The ballot measure, called Proposition Public Safety, requires a simple majority for passage.

Currently, those who shop in the city pay about 8.85 cents per $1 for sales tax. If the increase is approved in April, the sales tax rate would increase to 9.85 cents per dollar.

“We will decrease the city’s real estate property tax by 50 percent if the proposition passes,” Hixson said. “If you paid $800 to the city of Pevely in real estate property tax, the next year you’d pay $400.”

Hixson said the sales tax increase will bring in an additional $800,000 in revenue each year, and the city would lose about $400,000 annually by reducing the real estate tax, netting the city an extra $400,000.

“The (additional) money will be used for overall public safety – more officers, the number to be determined; better equipment, including police cars; better guns. Also, things you would not necessarily think of, like better paint for the roads.”

The city’s portion of the sales tax is 2.5 cents, and the rest goes to the state, county and other taxing entities. The state gets 4.225 percent, the county receives 1.6215 percent and the Joachim-Plattin Ambulance District gets 0.5 percent.

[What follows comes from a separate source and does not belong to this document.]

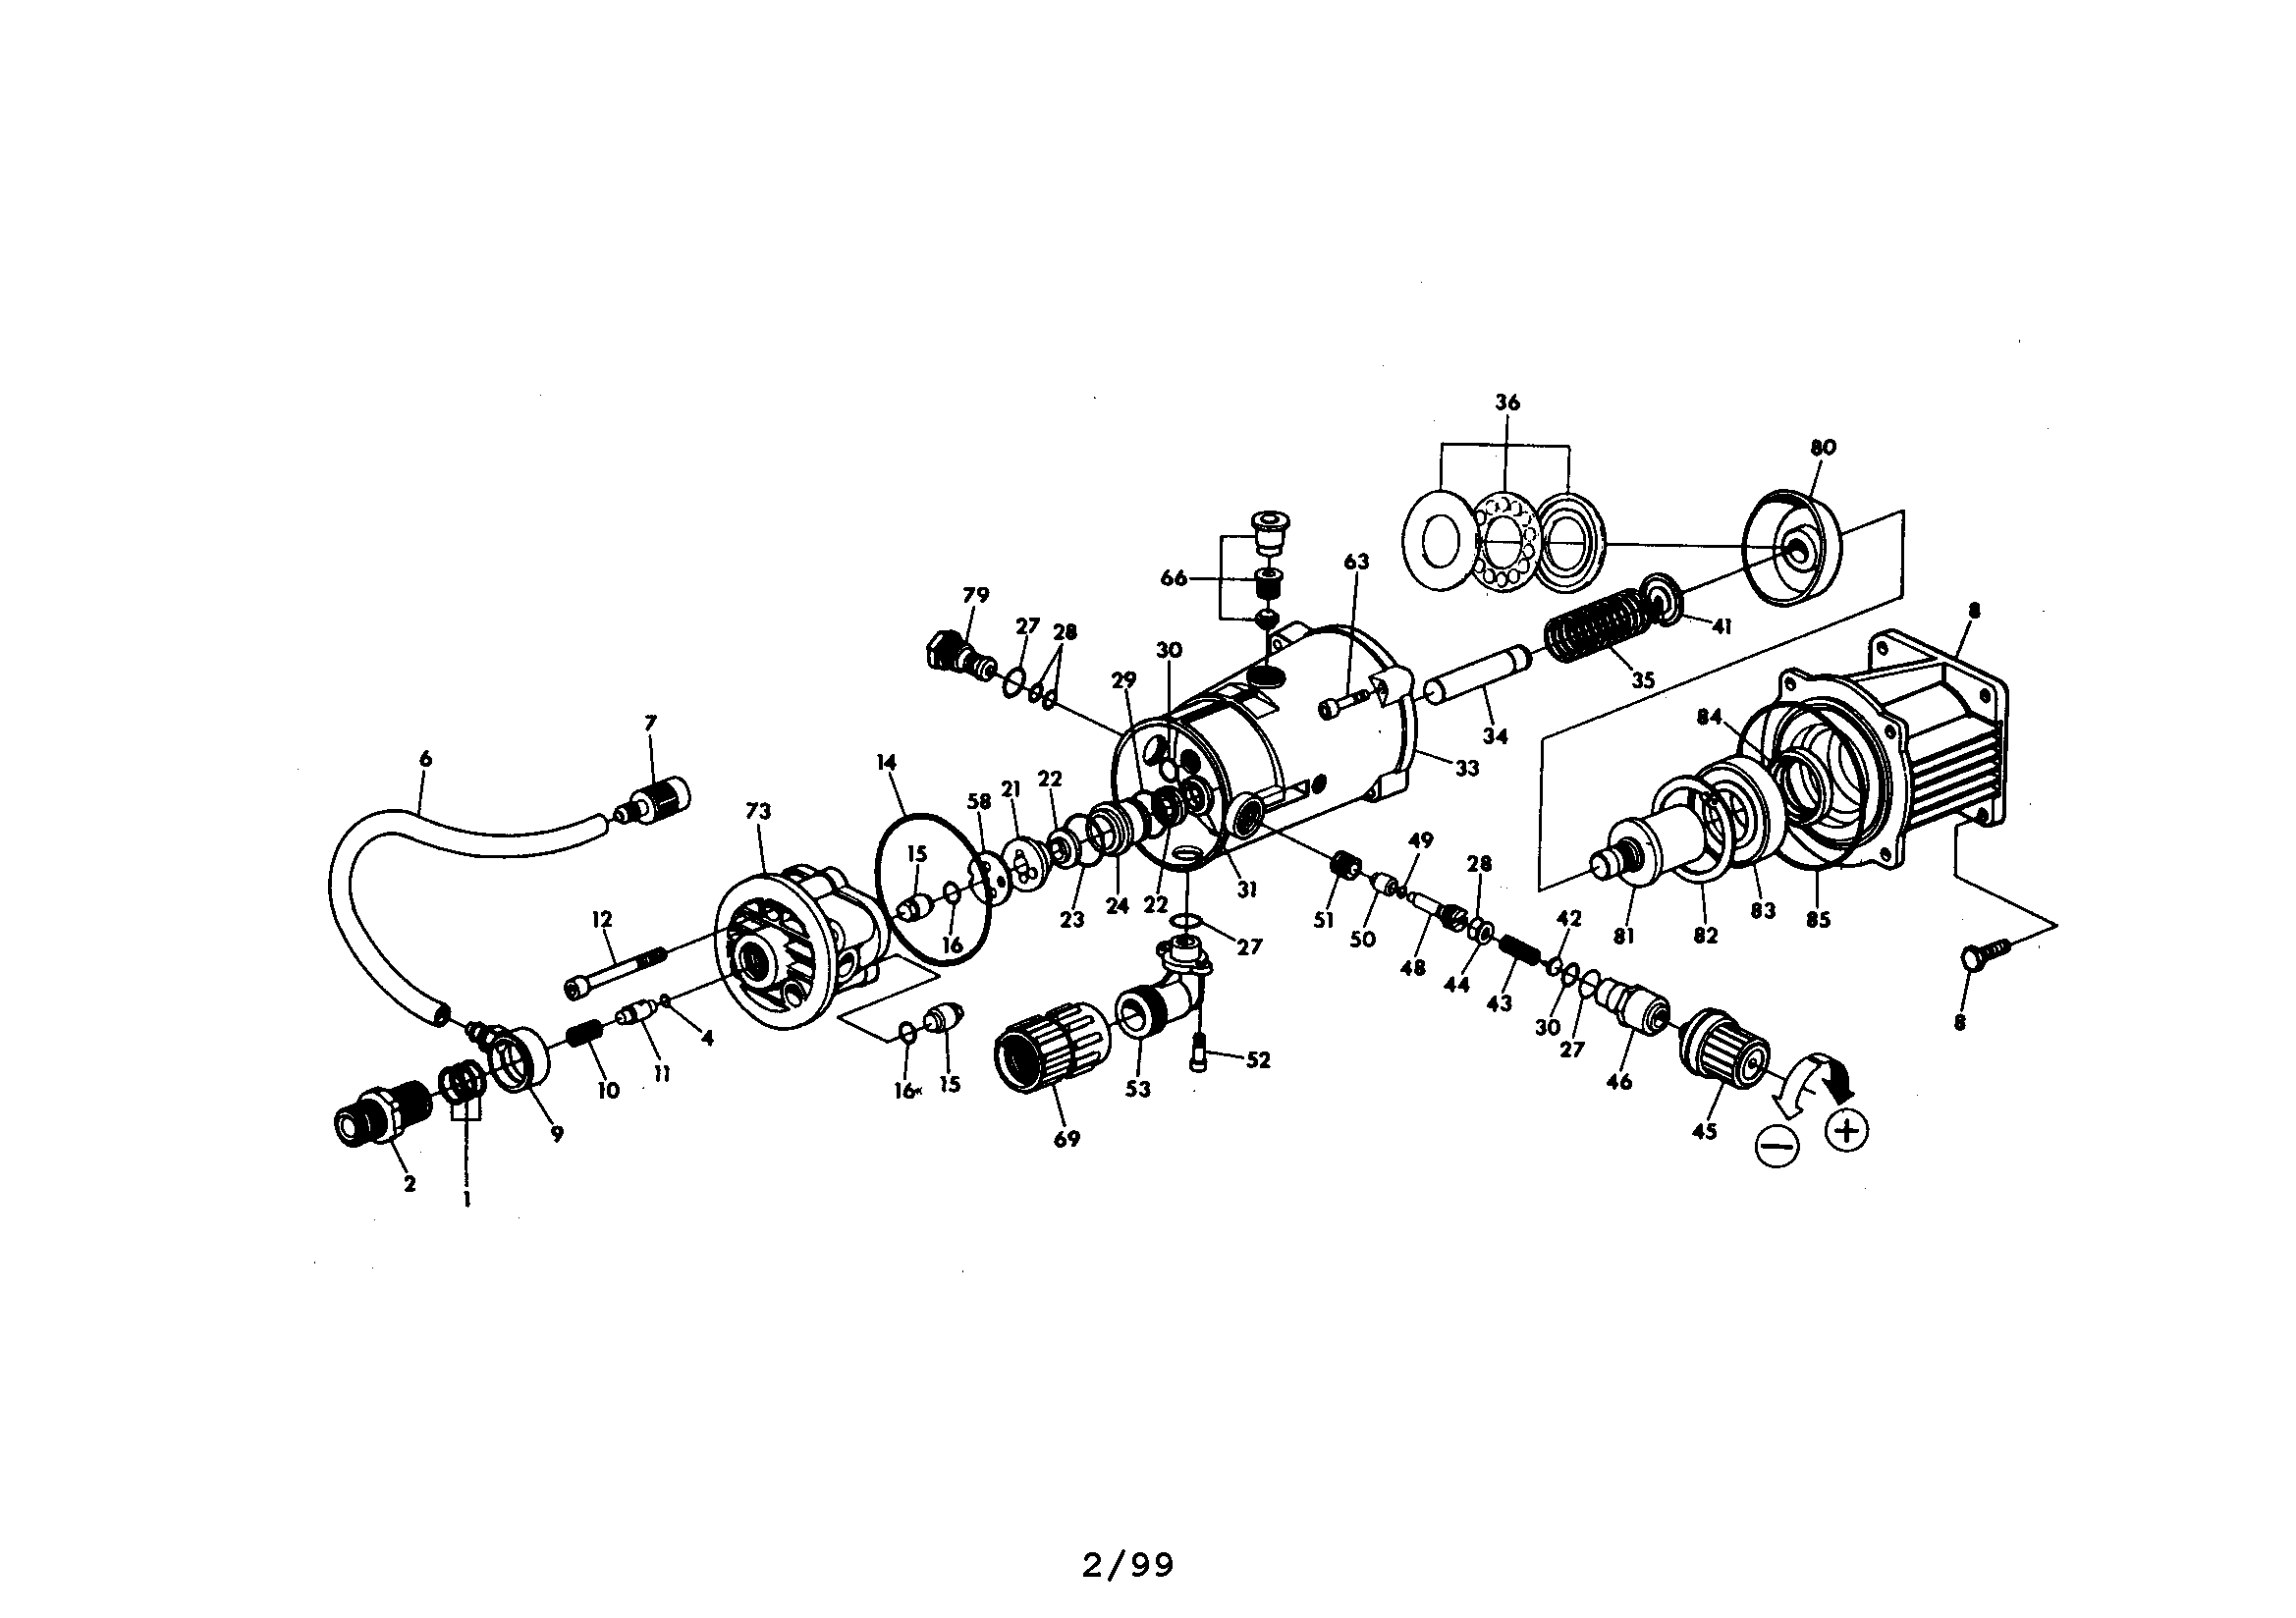 Generac pressure washer pump diagram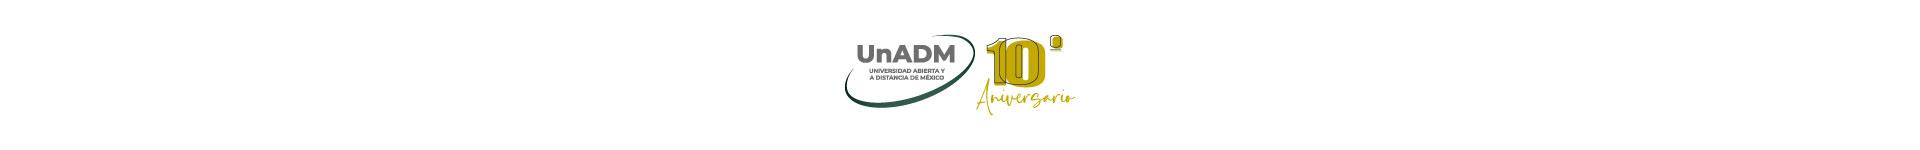 Portal UnADM

Pevely’s portion of the sales tax would increase to 3.5 percent of the 9.85 percent overall sales tax if the measure is passed.

The proposition reads, “Should the city of Pevely, Missouri reduce the property tax rate by fifty percent from its current rate and impose an additional citywide sales tax of one percent for the purpose of funding law enforcement for the city of Pevely?”

Hixson said that by increasing the sales tax and lowering the real estate tax, people who live outside the city but who benefit from services the city provides would help pay for those services.

“Eighty percent of our sales tax comes from non-Pevely residents,” he said. “So, this would 100 percent benefit every resident of Pevely. The visitors benefit by the services Pevely provides.”

The Pevely Board of Aldermen voted 7-0 on Nov. 20, 2023, to place the measure on the ballot. One board seat has been vacant since summer 2023.